As Nicholas Hathaway, Hemsworth types the living shit out of so many computers, you might imagine the film's budget at the Apple Store matched Hemsworth's salary. He types so hard and so passionately that, half the time, he's too distracted to finish buttoning his shirt, the neon glow of his computer screen glistening against his chiseled chest. He types post-coitus. He types in private jets and while power-walking. The man's ability to type knows no bounds.
Sequences of aggressive typing and pensive web-searching have been the bane of cyber thrillers since their inception. From WarGames to The Net to Blackhat, cinema has been trying hard to remain up-to-date with technology by making the act of typing really, really exciting. It never is.
So what happens when you put a cyber thriller in the hands of Michael Mann, one of the most kinetic filmmakers of his generation? Here's a man who can make the paranoid boardroom scenes of The Insider crackle with the same intensity as the extended heist sequence of Heat. Well, all that Googling and 10-key mayhem gets treated like a gunfight. Mann begins his film inside a computer, with a sequence reminiscent of Fight Club's opening credit animation, yet instead of ending at the barrel of a gun, it winds up on a keyboard. Shots of Hemsworth typing are filmed from every angle possible, including from inside the keyboard, where the keys depress and energy lights everything up. And it's…well, it's pretty stupid, actually.
Why is Hemsworth typing? Well, an anonymous cyber terrorist has struck a nuclear reactor in China and the Chicago Mercantile Exchange (previously known as the "Chicago Butter and Egg Board"). When a joint task force from the U.S. and China—led by Barrett (Viola Davis) and Chen (Leehom Wang)—can't track down the culprit, Chen remembers his brilliant college roommate, Hathaway. The only trouble is that Hathaway has been in prison for 15 years—because, duh, he used his typing for criminal purposes.
An agreement is reached, and soon the UN of sexy nerds is off traveling the globe, looking at computer screens in Indonesia and China as Hemsworth beds Chen's sister and growls unintelligible dialogue that sounds like Sylvester Stallone reading Hacking for Dummies. Every now and again, the group gets into shaky-cam gunfights that remind you we're watching a Michael Mann movie (in addition to being a computer whiz, Hathaway is also a skilled marksman, master of hand-to-hand combat and wearer of designer sunglasses).
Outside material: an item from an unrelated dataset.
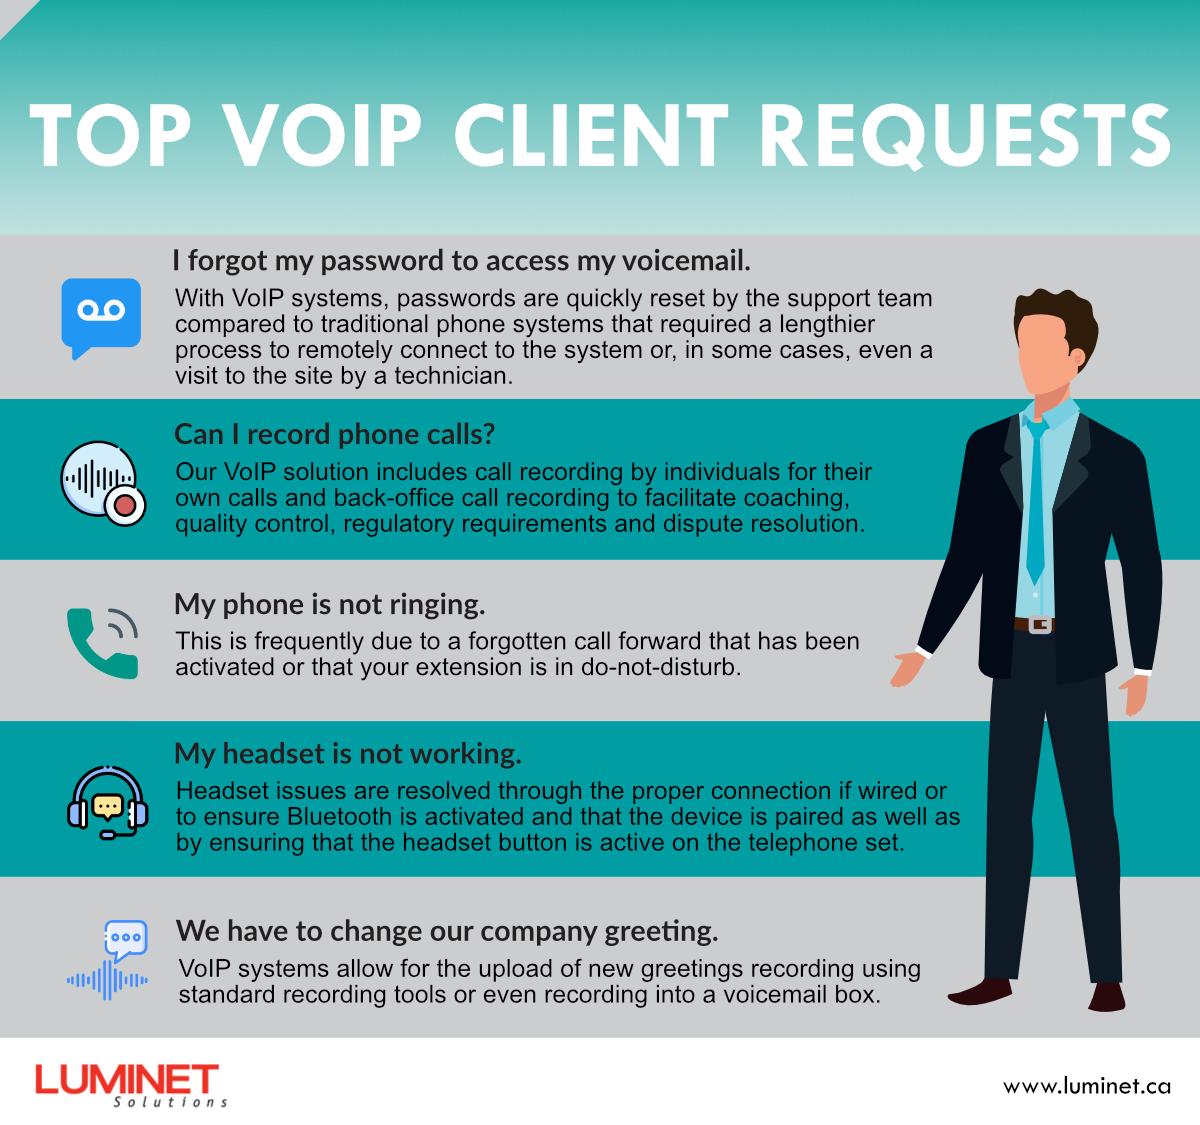 VoIP client requests

At no point is any of this particularly interesting.
Still, being a Mann movie, it's not entirely a bust. The director's filmography—which includes Thief, Manhunter, Last of the Mohicans and Collateral—is marked with an avant-garde approach to genre filmmaking, and with Blackhat, Mann continues to be unhinged. This is a film about people running from location to location in pursuit of intangible information, and one where the central villain doesn't even make himself known—outside of cryptic emails—until well into the final reel. Along with Hemsworth's marble-mouthed delivery, dialogue is often intentionally drowned out by sound. The urban cinematography is beautiful, too: Nobody can shoot a city at night like Mann. But while the flick is unmistakably Mann, that's not enough to make it all that good.
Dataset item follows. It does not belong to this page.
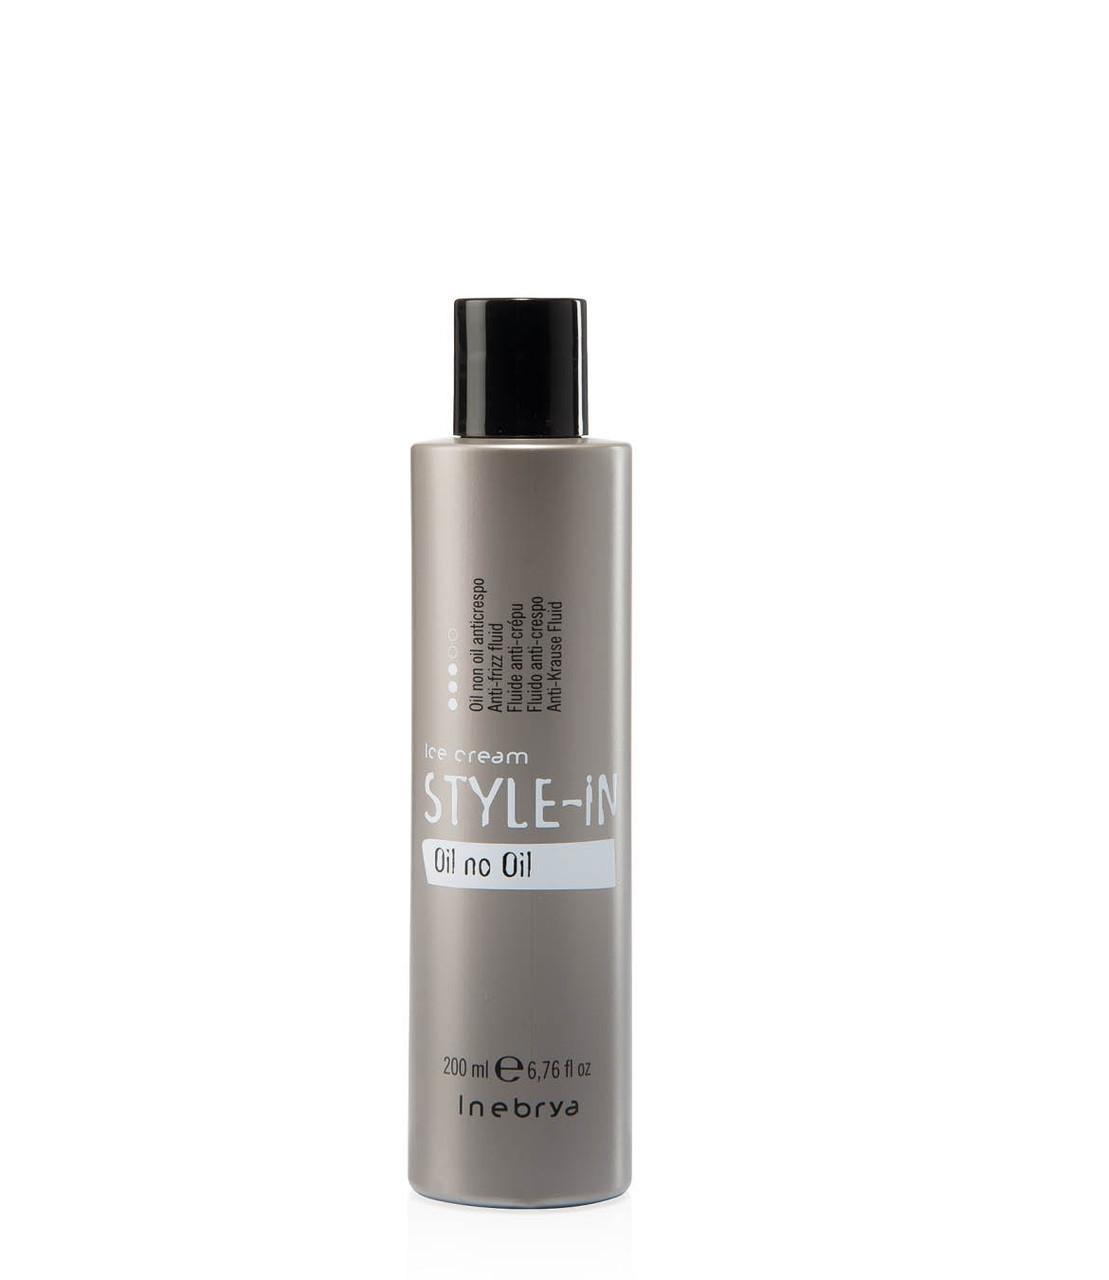 Флюид для выпрямления вьющихся и пушащихся волос Inebrya Style-In Oil Non Oil 200мл

Which is a bloody shame, because there was a time—before the underwhelming Public Enemies and slickly boring Miami Vice rehash—that a new Mann movie was cause for celebration. With Blackhat, he's created his first true throwaway, a self-serious topical thriller that in 10 years will look as outdated as The Net does now. On the plus side, if that whole God of Thunder thing doesn't work out for Hemsworth, at least he has a promising career in data entry.